Parse filename into PDF metadata?

Hi, people who are less terrible than me at programming languages:

I'm trying to write a macro or hazel rule that parses certain information in a PDF's filename into that PDF's metadata (to then use in DT3 smart rules).

These are law cases that are titled by their citations. The citations are in various formats, but all of them begin with "R. v. [NAME]" and include the year somewhere, for example:

R. v. Glue, [2019] S.C.J. No. 18
R. v. Glue, 2019 ONCA 494
R. v. Glue (2019), 129 C.C.C. (3d) 443

…among others. What I'm hoping to do regardless of format is parse out [Glue] (i.e. the word after "v.") into the "Title" metadata field and [2019] (i.e. a year in 19## or 20## format) into the "Date" metadata field.

I just spent an unhappy half-hour trying to adapt the bash in Desalegn's post here—but it occurred to me that what will probably take me hours to get right might be the work of seconds for someone with a moment to spare in this generous community. Or maybe someone has a better idea of how to go about doing this?.

Thanks so much!!
LR

Does Hazel take regex? If so a search using regex, here or elsewhere might help.

Hi @antexit,

You didn't say how you would be processing these file names (Manual selection? Whenever one is added to a folder? Going through every existing file in a folder?) so without more details, it's difficult to demonstrate a full-featured macro that could meet this need, but if you're just looking for how to parse the filenames for their data, based on the examples you provided and the format you describe, this should get you started:

Test Macro.kmmacros (4.3 KB)
image

Results

47%20AM

Key Regex

(?<=R. v. )([^\s,)]+).*(\d{4})

1 Like

Amazing. Thanks so much. I'll play with this this aft and report back.
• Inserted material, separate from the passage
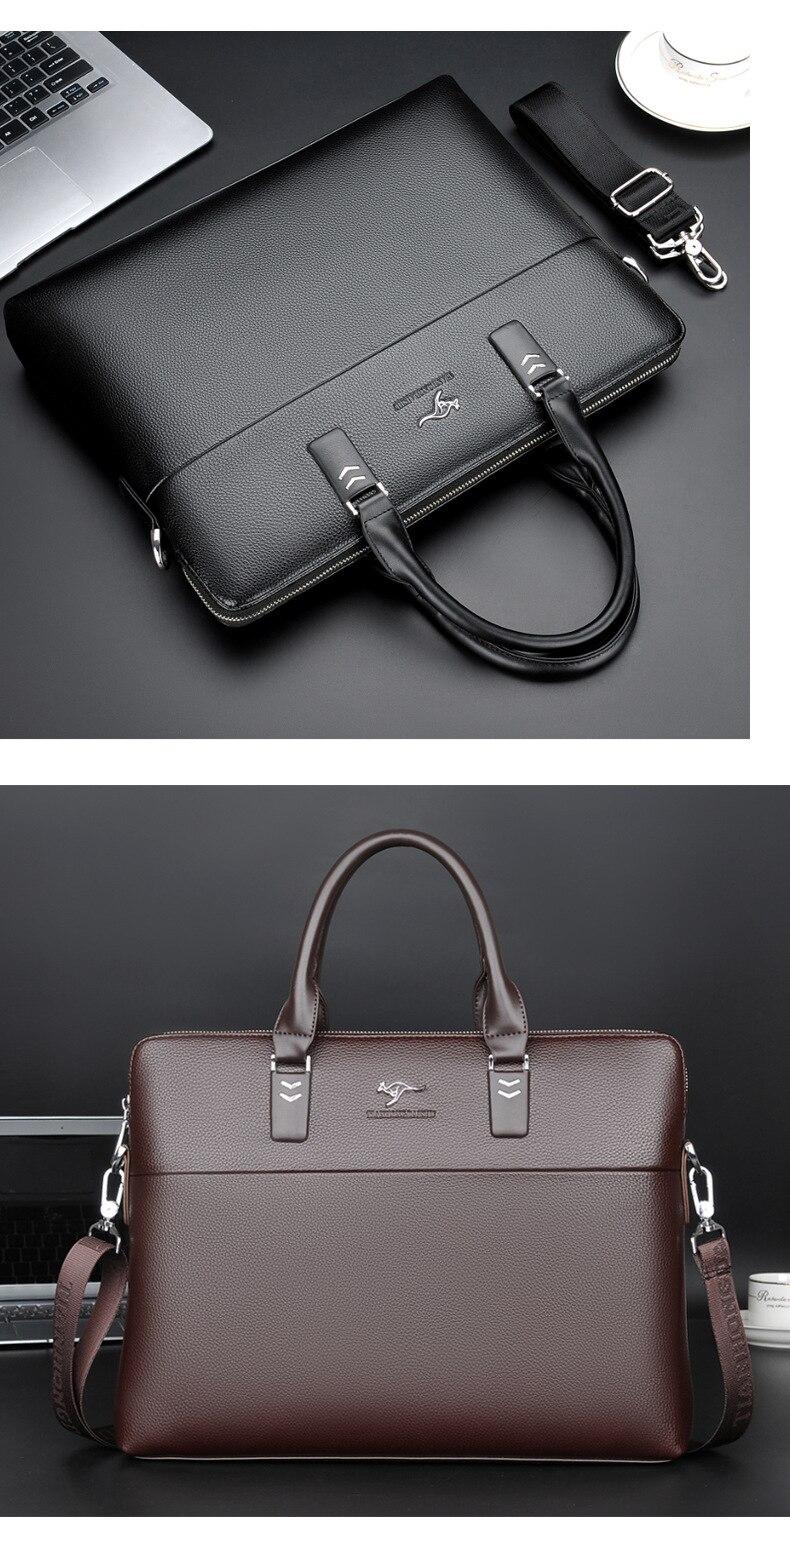 HTB1f7P6f.FWMKJjSZFvq6yenFXah TIANHONGDAISHU Men Casual Briefcase Business Shoulder Leather Messenger Bags Computer Laptop Handbag Men's Travel Bags handbags

And I hadn't considered how I'd be processing the filenames—I guess there'll be a tremendous number of files to process at first, and then going forward I'd be doing it piecemeal—but I think (hope) I can figure out that end of it with some poking around.

In both cases you can use the KM For Each action, with either of these collections (lists):

In the For Each you will enter a KM Variable in which will be stored the POSIX file path for each item in the list as KM processes the loop. I usually name this "Local__FilePath".

You can then get the file name (or other property) of the file using the Get File Attribute action. We'll call this "Local__FileName".

The "Local__FileName" will be the source for use with the RegEx that @gglick provided above. So, where he used "LocalLine", you will use "Local__FileName"

I don't have any idea of how to update the PDF metadata, but you should try a search of the forum, as there have been may topics about PDFs.

Try putting together the macro yourself, and if you get stuck, feel free to post back here.